Selon La Vie éco Maroc, le film 'Thank you satan', actuellement en salles, a provoqué une onde de choc au Maroc avec un teaser qui a déclenché une plainte ainsi qu'une indignation morale. Les réactions passionnées autour de ce film témoignent des tensions entre la liberté d'expression et les attentes sociétales dans un pays où la censure informelle peut peser lourdement sur la créativité artistique.

Le cinéaste Hicham Lasri a réagi à cette controverse en dénonçant ce qu'il considère comme de la tartufferie et une censure qui s'exerce sous le couvert de la morale. Dans un environnement où les faux dévots semblent vouloir contrôler le discours public, Lasri souligne l'importance de défendre la liberté d'expression artistique, même lorsque celle-ci provoque des réactions vives.

La plainte déposée contre 'Thank you satan' souligne la sensibilité des enjeux religieux et sociaux au sein de la société marocaine.
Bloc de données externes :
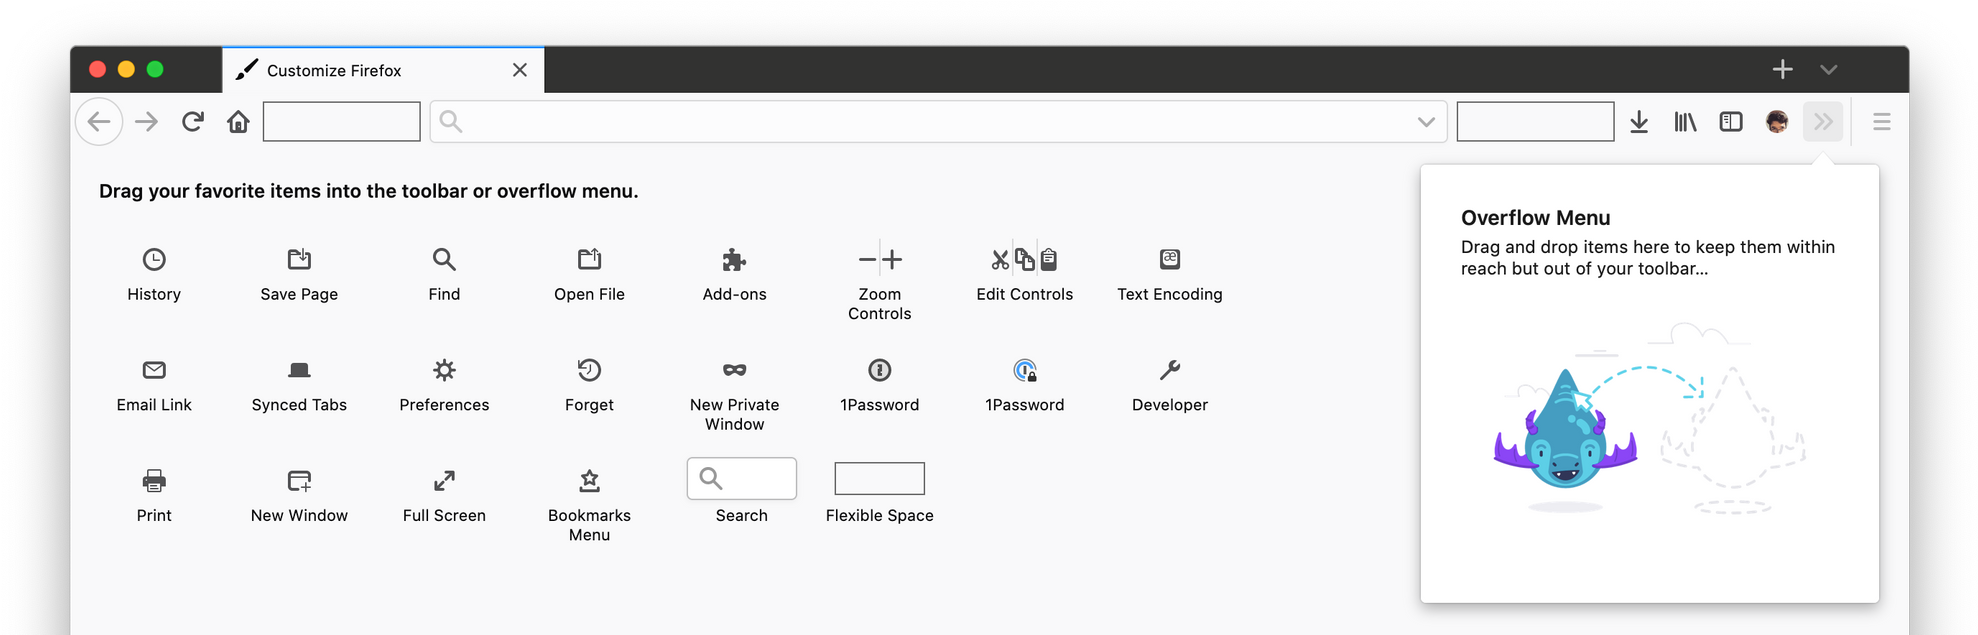 Firefox Customize Toolbar Options Screenshot PNG

En effet, le film aborde des thèmes considérés comme tabous, ce qui exacerbe les tensions entre les partisans d'une liberté d'expression accrue et ceux qui plaident pour un respect des valeurs traditionnelles. Cette situation met en lumière le débat plus large sur le rôle de l'art dans une société en constante évolution.

Les conséquences de cette polémique ne se limitent pas simplement à l'art cinématographique. Elles touchent également à la manière dont les artistes peuvent s'exprimer librement sans craindre de représailles ou de censure. L'incident a donné lieu à des discussions sur la nécessité d'un cadre légal qui protège les créateurs tout en respectant les sensibilités culturelles.

En somme, cette affaire soulève des questions cruciales sur la censure, la liberté d'expression et le rôle de l'art dans la société marocaine contemporaine. Elle invite également à une réflexion sur la manière dont les artistes naviguent dans un paysage où les attentes sociales peuvent parfois entrer en conflit avec leur créativité.